Source: Pexels.com | Photographer: Jens Mahnke
In the past few years, the terms “investment” and “investor” were supplemented with a host of new words like “pre-seed stages”, “seed stages”, “venture capital rounds”, “crowdfunding”, “peer-to-peer lenders”. All these terms are related to startups and the elaborate multi-layered system of startup financing that evolved from the straightforward bank loans of yore.
Today, we distinguish four main tiers of startup financing, depending on how far the company is in its development at the time of funding, how big the investment is, and on other factors.
In the world of startups, sometimes these investors are friends of the entrepreneurs and are just doing a friendly favour.
Others, like the majority of smart investors, do a thorough research and analysis in order to maximise profits or would lend money in exchange for shares in the company.
A third group would provide entrepreneurs with advice and guidance in addition to money.
Without these types of early investors, many of today’s successful startups would not be where they are. But who exactly are they?
These are the individuals who have faith in a project and decide to invest in it right from the start. Depending on their goals, relationship with the founders, and experience, pre-seed investors can be conditionally split into two groups: angels and triple “F”s.
FFF stands for “fools, friends and family”. A FFF investor would be someone who has lent or simply given money to a friend, sibling, or another relative.
More often than not, the FFF investors make a mistake and lose their investments as they are driven by emotions and the wish to do a favour, rather than by a cold calculating mind. This is where the “fools” in the name comes from.
Also known as business angels, this type of investors usually includes affluent entrepreneurs who support interesting projects with lots of potential, providing capital in exchange for convertible debt or ownership equity.
Since many startups have trouble finding funding for their innovative and untested products or services, they seek the help of angel investors who can be found on popular platforms like AngelList.
In most cases, the angels invest their own capital and do not seek a high return. Rather, they expect a return on their investment plus something on top. Yet, unlike the FFF investors who are not very picky about what they invest their money in, angel investors do their homework and back promising projects that have a chance of succeeding.
After the FFF and the angel investors follow the seed investors. They usually come after the startup has already finished a product or service, but lacks the funds to market their product. Unlike angel investments which tend to be smaller, seed investments can amount to millions of dollars.
There are many types of seed investors, but generally they can be divided into two main categories: equity crowdfunders and syndicate investors.
Unlike popular crowdfunding platforms like Kickstarter, Indiegogo, and Seedrs where backers receive material rewards as products or services, equity crowdfunders become shareholders and have some influence over the company they backed.
Also, equity investors usually receive progressive returns and their income increases if the company is successful.
In syndicate investing, two or more angel investors get together and invest in a company.
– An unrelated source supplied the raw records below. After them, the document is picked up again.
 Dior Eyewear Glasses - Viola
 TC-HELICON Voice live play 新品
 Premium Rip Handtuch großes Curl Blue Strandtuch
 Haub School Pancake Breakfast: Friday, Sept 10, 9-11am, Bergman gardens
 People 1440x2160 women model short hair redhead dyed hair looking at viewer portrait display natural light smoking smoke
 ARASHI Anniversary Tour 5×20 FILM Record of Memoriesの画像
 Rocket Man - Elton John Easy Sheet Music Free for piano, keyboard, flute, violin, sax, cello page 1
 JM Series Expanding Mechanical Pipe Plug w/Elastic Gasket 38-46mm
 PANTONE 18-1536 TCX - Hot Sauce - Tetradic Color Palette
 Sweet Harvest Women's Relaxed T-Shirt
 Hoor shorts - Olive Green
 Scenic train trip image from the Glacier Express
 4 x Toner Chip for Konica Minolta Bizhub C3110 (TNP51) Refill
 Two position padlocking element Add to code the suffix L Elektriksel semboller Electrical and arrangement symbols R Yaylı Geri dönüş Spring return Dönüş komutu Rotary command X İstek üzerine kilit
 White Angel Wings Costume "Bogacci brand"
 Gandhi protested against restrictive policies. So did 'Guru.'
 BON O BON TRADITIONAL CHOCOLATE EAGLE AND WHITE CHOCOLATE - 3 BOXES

Here is how it works:
1. An investor with good reputation and track record of successful investments finds a promising startup and puts a portion of the sought-after amount.
2. Then they recommend the company to other angel investors who trust their judgment.
3. The other investor/s pay the remaining part of the sum to complete the funding round.
Venture capitalists (VCs) are professional investors who have their own venture capital companies. Those companies raise money from pension funds, wealthy people, and other partners.
The accumulated funds are then invested in startups with a viable business model which, however, need funding. Similarly to business angels, VCs seek out companies with good growth and profit potential. Unlike angels, however, VCs avoid taking risks and consider startups only if their ROI is high.
Since VCs are managing corporate as opposed to personal funds, they have larger funds at their disposal and their investments can exceed the $1 million range. Additionally, startups can benefit from series of VC rounds in exchange for stocks and a seat on the board of directors.
Strategic investors are similar to VCs in that they also seek companies with a working product or service who look for funding. Unlike the VCs, however, who only give the money and reap the benefits, strategic investors offer provide:
– Business advice: many strategic investors have been heads of companies themselves and can provide practical advice and support to the company;
– Networking: if the strategic investor cannot help, they most likely know someone who could.
Unlike VCs who have a dislike for risk, strategic investors are inclined to take some risk and back experimental or riskier projects, but they can offer much less money than VCs.
These investments usually have a clear strategy behind them—for example, helping a company acquire a needed technology or hiring an expert in the field.